I figured as much. I just worry about some NOOB copying your design and ... Well, you know the rest.Ah, yeah the PMOS drains are swapped. Yeah i know you need diodes. I just quickly drew this up to show the method than the actual implementation.
Have a look at the bottom of page 12 of the datasheet.
The charge current is determined by:
The charge current sense resistor, and, the voltage on terminal Viset.
The Viset can be between 0 and 2 volts, thus allowing a wide range of adjustment of the charge current.
JimB
Hi there dk,
So this is what you are going to use after the transformer for your chargers?

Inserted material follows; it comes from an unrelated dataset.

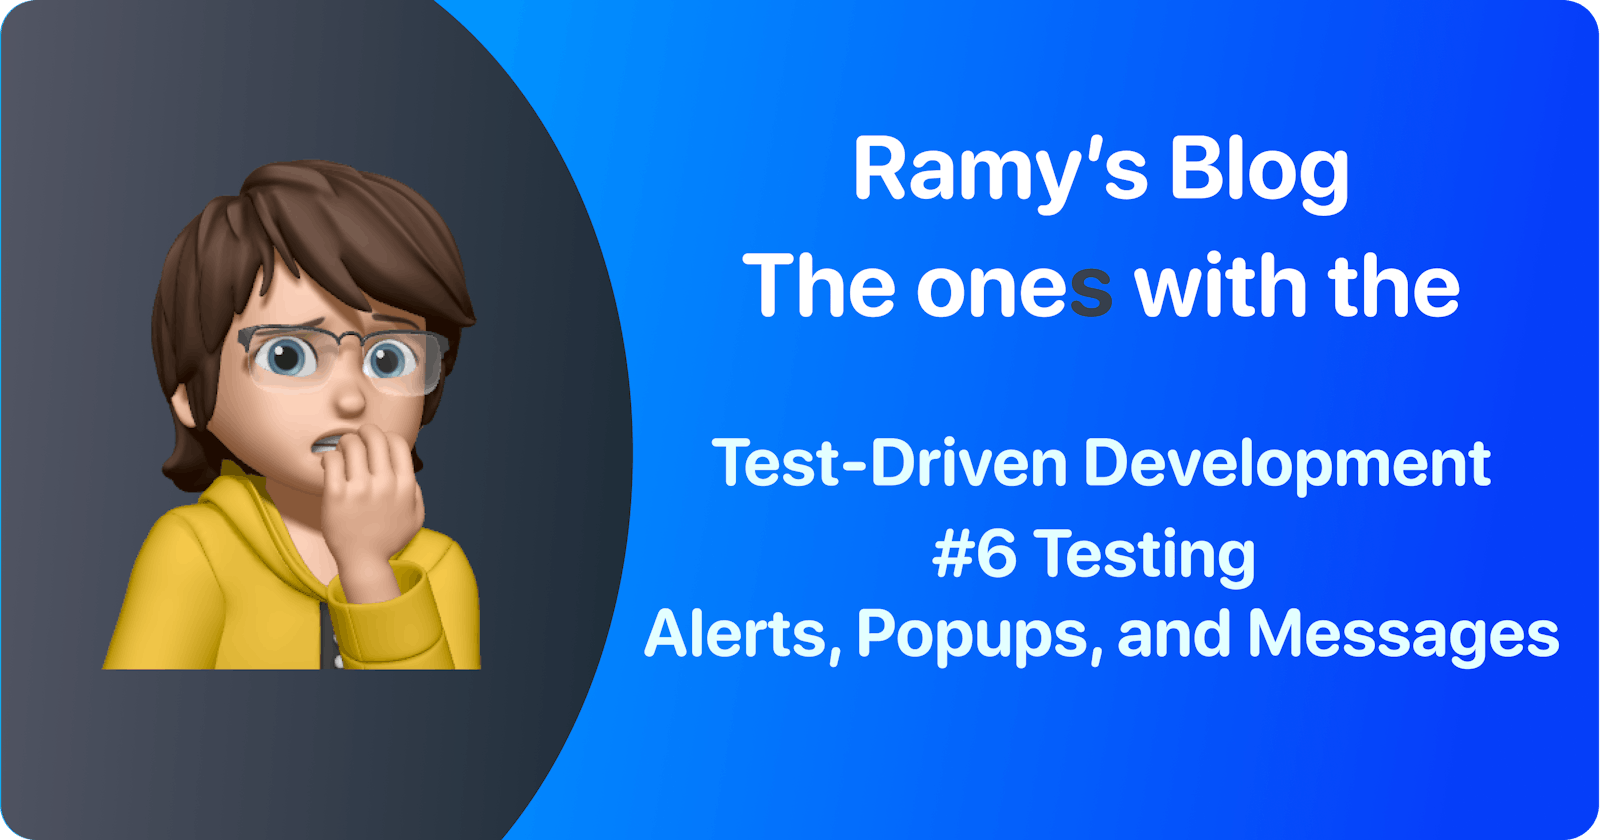 Test-Driven Development: #6 Testing Alerts, Popups, and Messages

Did you consider yet using a simple voltage divider for the current sense? That would give you easier control over changing the feedback so you can switch currents a little easier. Taking it to the extreme, if it works, it could make it a LOT easier.
The idea is to use (say) a 0.1 ohm resistor as the current sense. A voltage divider built around this resistor cuts the voltage down to 0.1 volt when 10 amps flows to the output. If you want to match the resistance of the 0.1 ohm, you would use a 0.08 ohm in series with a 0.02 ohm and take the left hand side current sense lead from the junction of these two. This way when 10 amps flows to the output 5 amps goes through the 0.1 ohm and 5 amps through the 0.08 in series with the 0.02, which puts again 0.1 volts across the 0.02 resistor so the current feedback sense gets the same voltage as before.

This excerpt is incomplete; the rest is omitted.